Changes in vascular responsiveness are proposed as the basis for some of the cardiovascular complications in cholestasis. Cholestasis is also associated with accumulation of endogenous opioid peptides and evidence of overproduction of nitric oxide (NO). The possible role of NO or opioid system in cholestasis-induced mesenteric vascular bed responsiveness was investigated. Bile duct-ligated and sham-operated rats were treated for 6 days with either normal saline, naltrexone, an opioid antagonist (20 mg/kg/day) or L-NAME (N(omega)-nitro-L-arginine methyl ester), a nitric oxide synthase inhibitor (3 mg/kg/day).
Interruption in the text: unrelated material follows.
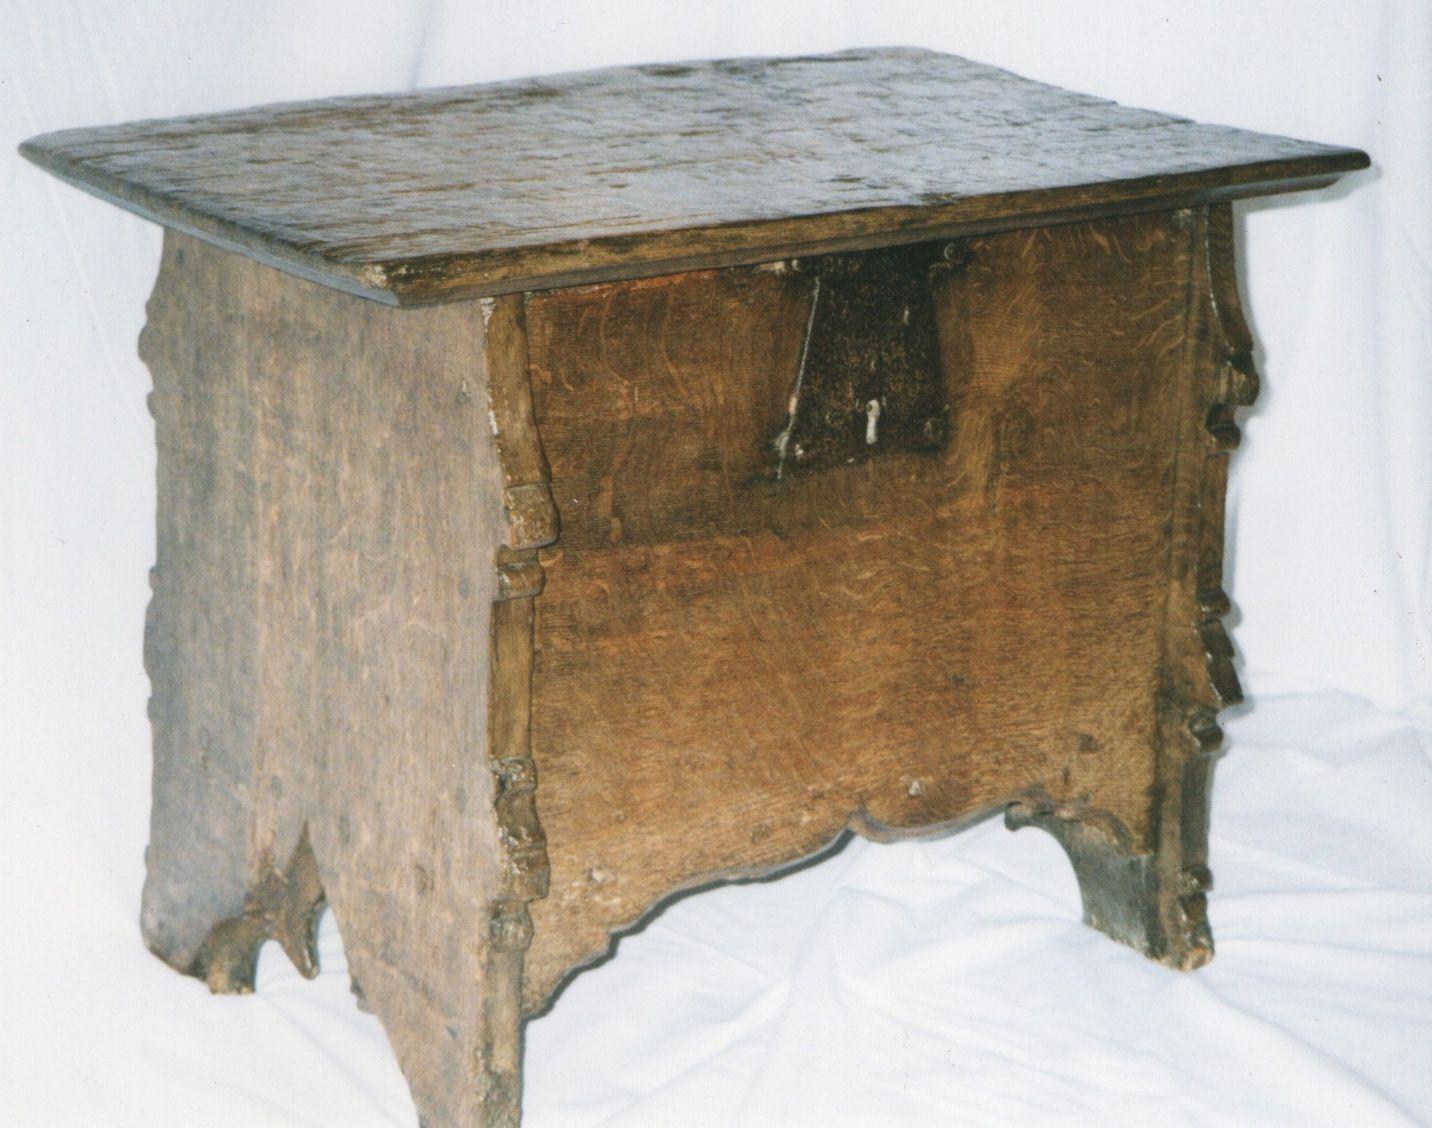 Gothic box stool marhamchurch antiques medieval chests gotische m bel m bel truhe - Ausgefallene wohnzimmermobel ...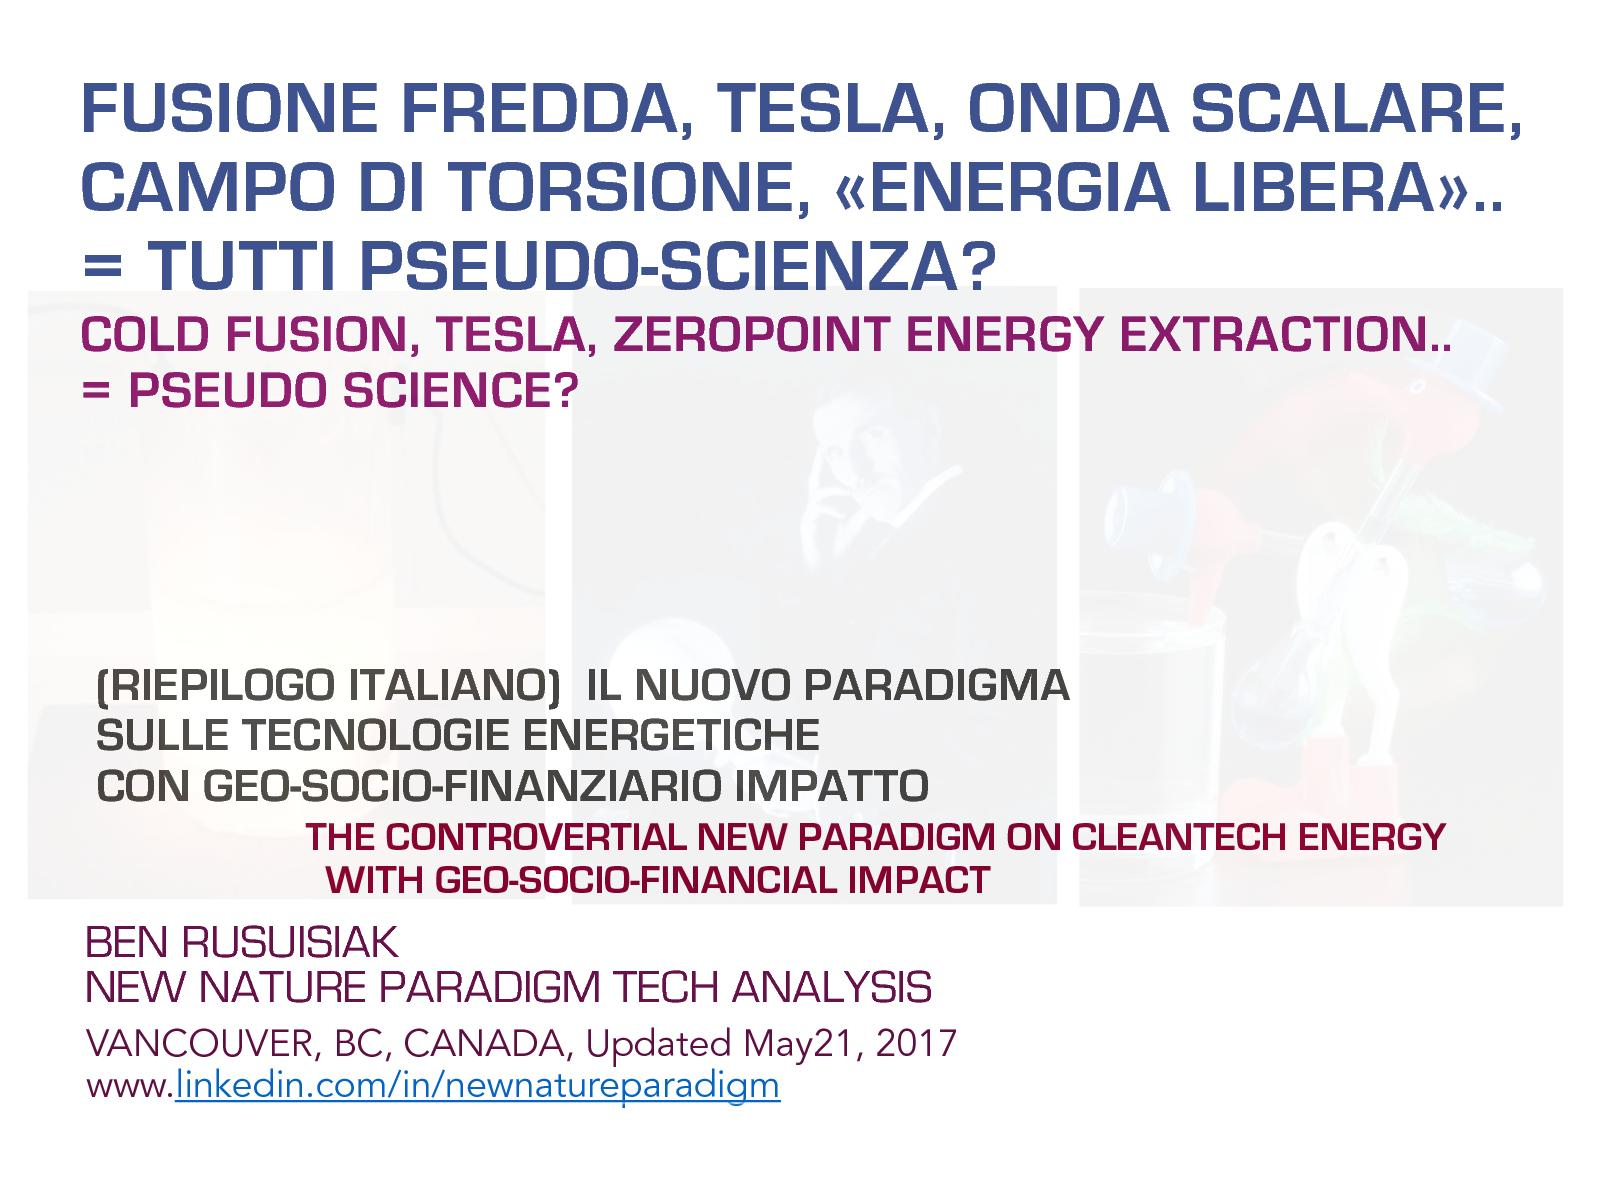 Calamo Fusione Fredda Tesla Onda Scalare Campo Di Torsione 7 Way Trailer Plug Wiring Diagram Contrail Triler Energia Libera Tutti Pseudo Scienza Cold Fusion Free Energy All

After 7 days, the superior mesenteric artery was cannulated and the mesenteric vascular bed was perfused according to the McGregor method. Baseline perfusion pressure of the mesenteric vascular bed was decreased in bile duct-ligated compared to sham-operated animals. ED(50) of phenylephrine-induced vasoconstriction was increased, but vasoconstriction R(max) was not different in the vascular bed of bile duct-ligated rats and of sham-operated ones. Acetylcholine-induced vasorelaxation was impaired in bile duct-ligated rats (increased ED(50) and decreased vasorelaxation R(max)). Sodium nitroprusside-induced vasorelaxation was not different between bile duct-ligated and sham-operated rats, implying that the smooth muscle components of vasorelaxation were intact. Chronic treatment with L-NAME partially restored both the acetylcholine-induced vasorelaxation and phenylephrine-induced vasoconstriction response in bile duct-ligated rats. Naltrexone treatment also partially restored the acetylcholine-induced vasorelaxation and phenylephrine-induced vasoconstriction in bile duct-ligated rats. There is impaired acetylcholine-induced vasorelaxation in cholestatic rats, probably due to a defect in endothelial function. This study also provided evidence for the involvement of increased opioidergic tone and NO overproduction in cholestasis-induced vascular hyporesponsiveness.